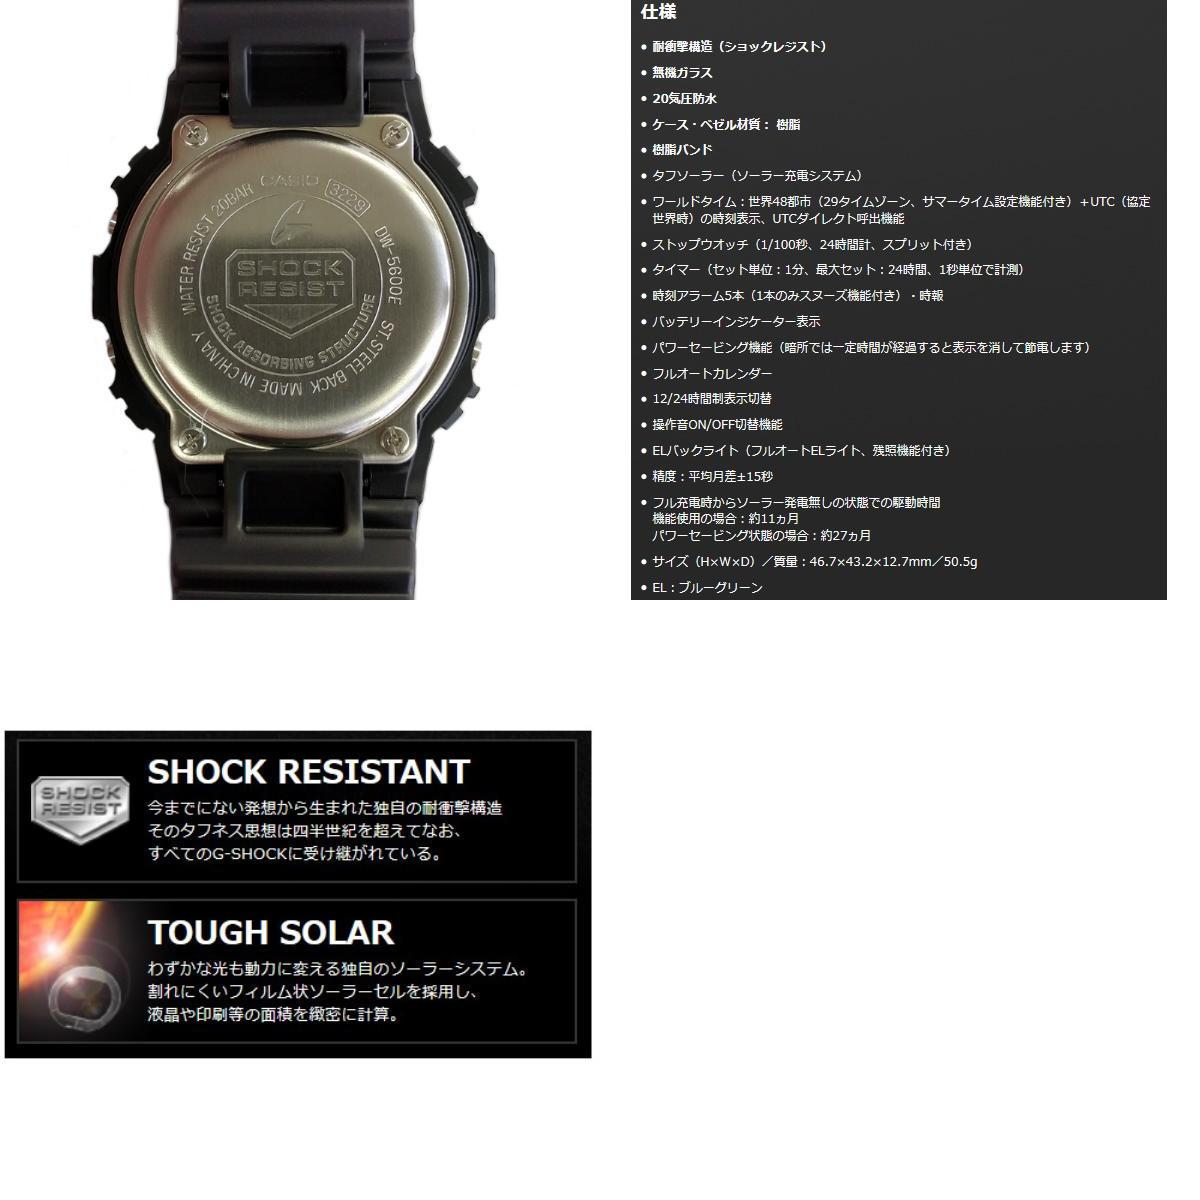 G-SHOCK(G打擊)G-5600E-1JF
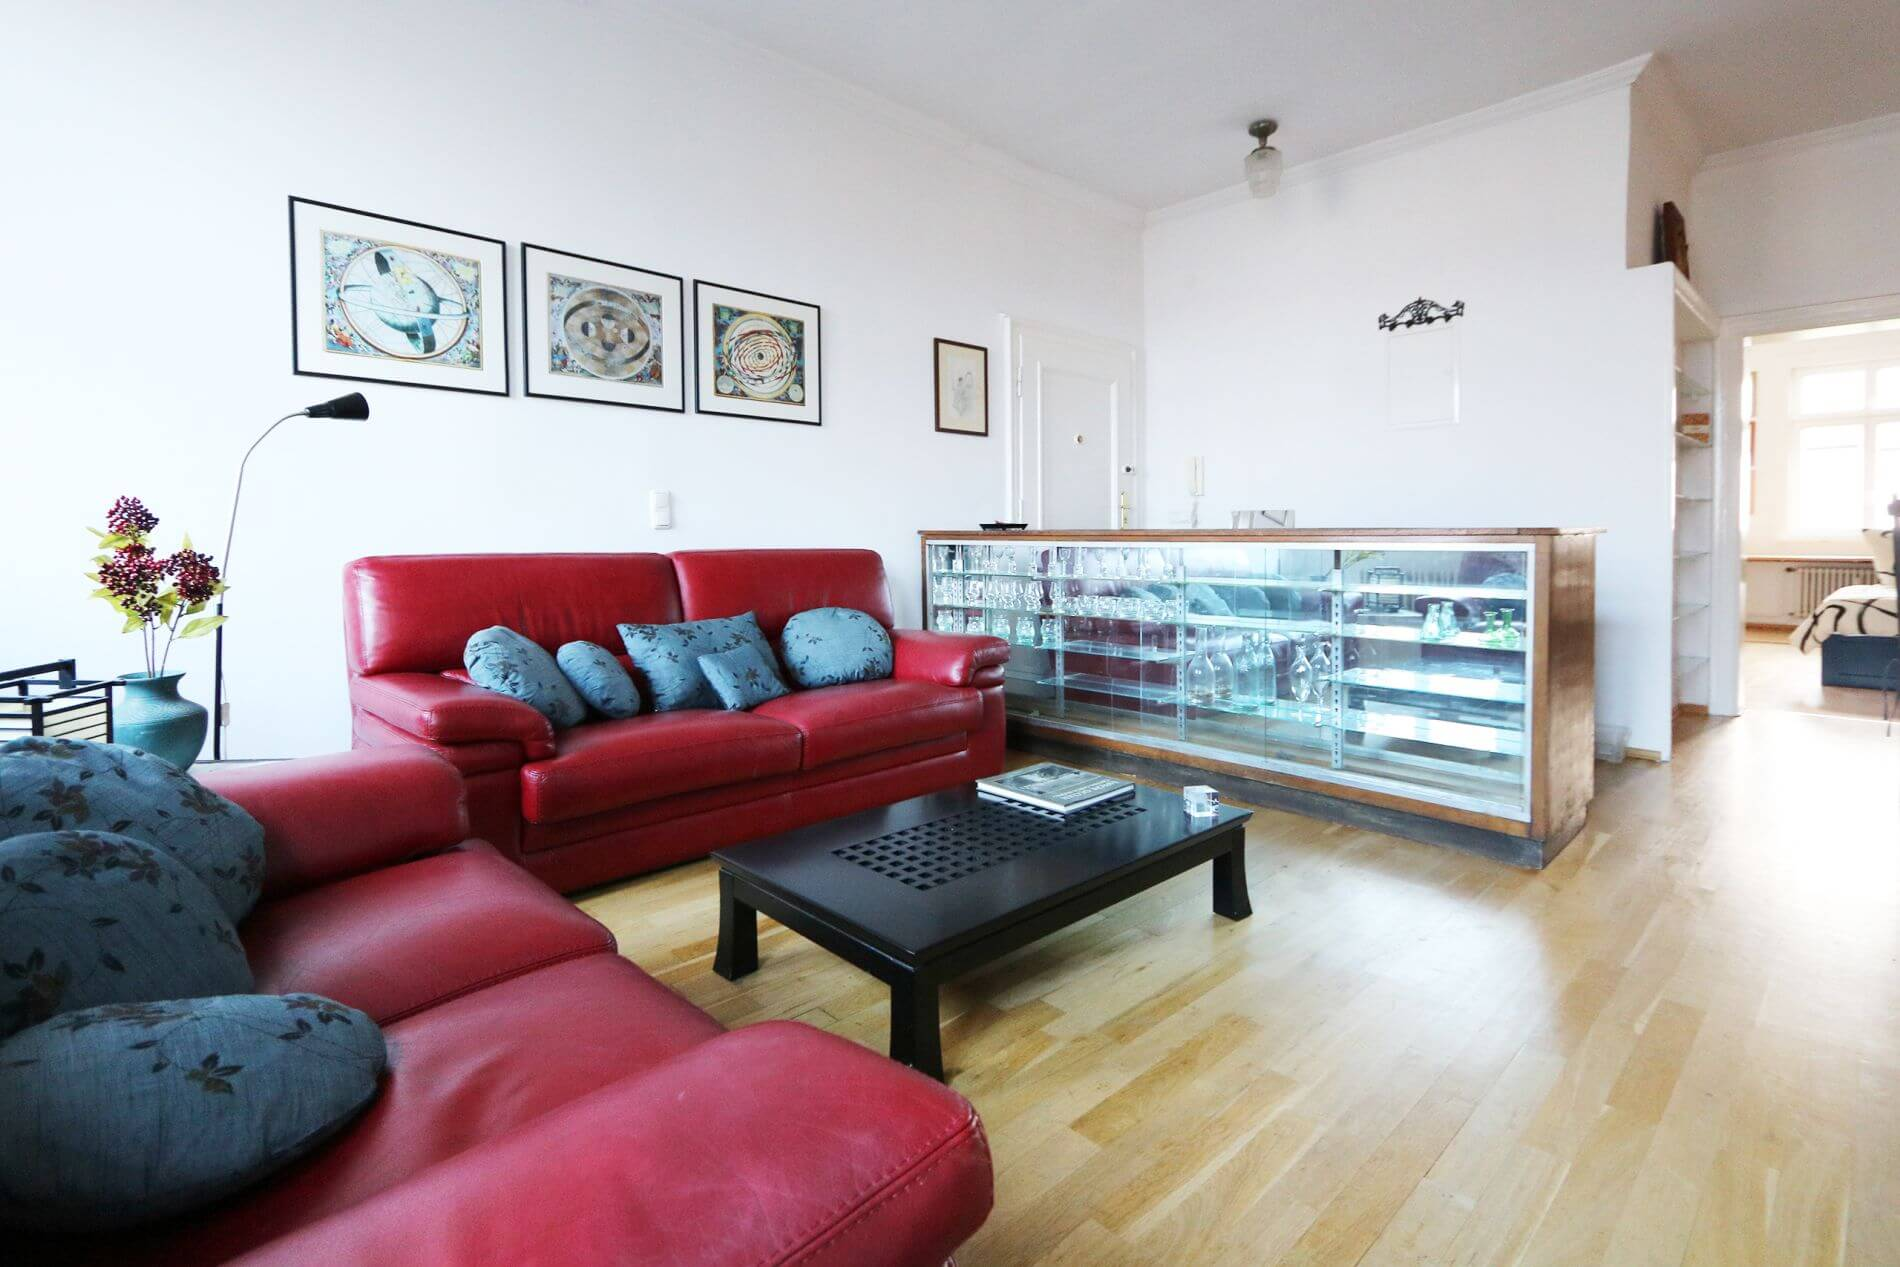 2 bedroom serviced apartment in Frankfurter Allee, Berlin ideal for short term stays
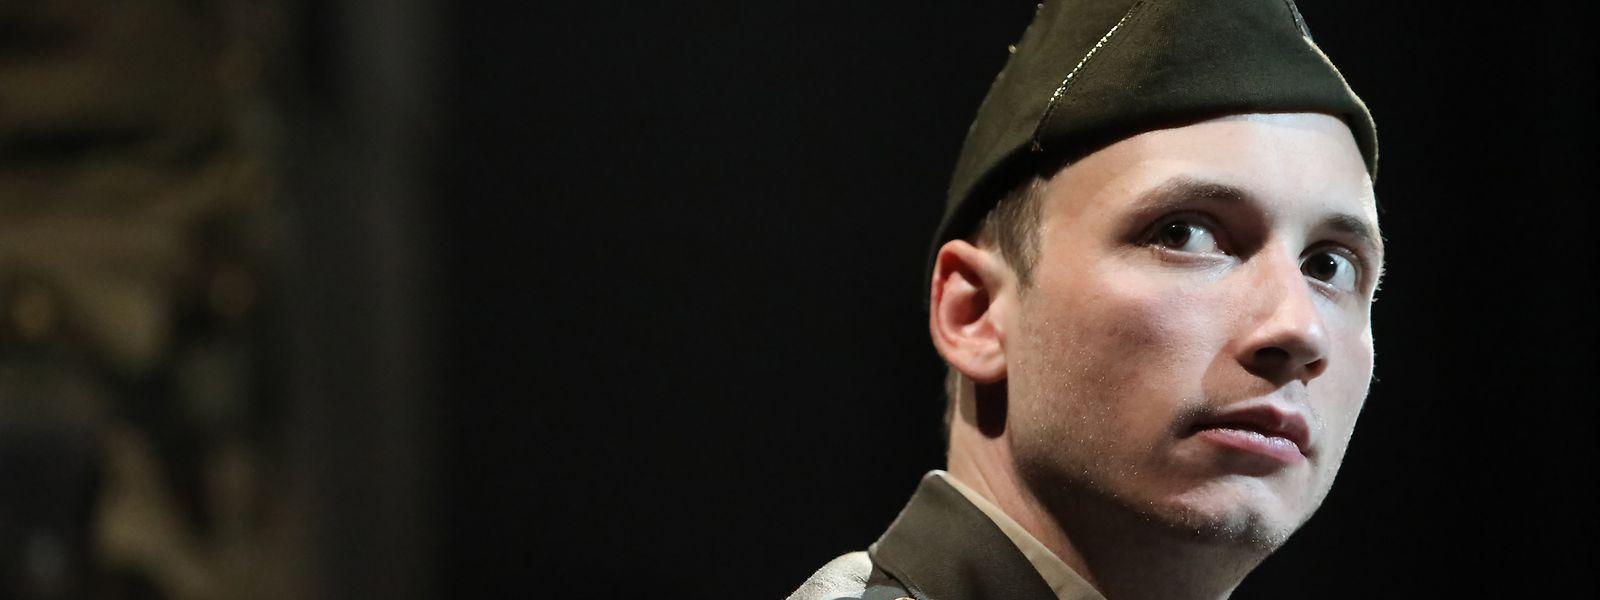 Maximilian Jadin in der Rolle des jungen US-Offiziers John E. Dolibois.

Task to carry out
Write out each line of the data exactly; the images should be left out.

Result for this exercise
 G-SHOCK(G打擊)G-5600E-1JF
 2 bedroom serviced apartment in Frankfurter Allee, Berlin ideal for short term stays
 Maximilian Jadin in der Rolle des jungen US-Offiziers John E. Dolibois.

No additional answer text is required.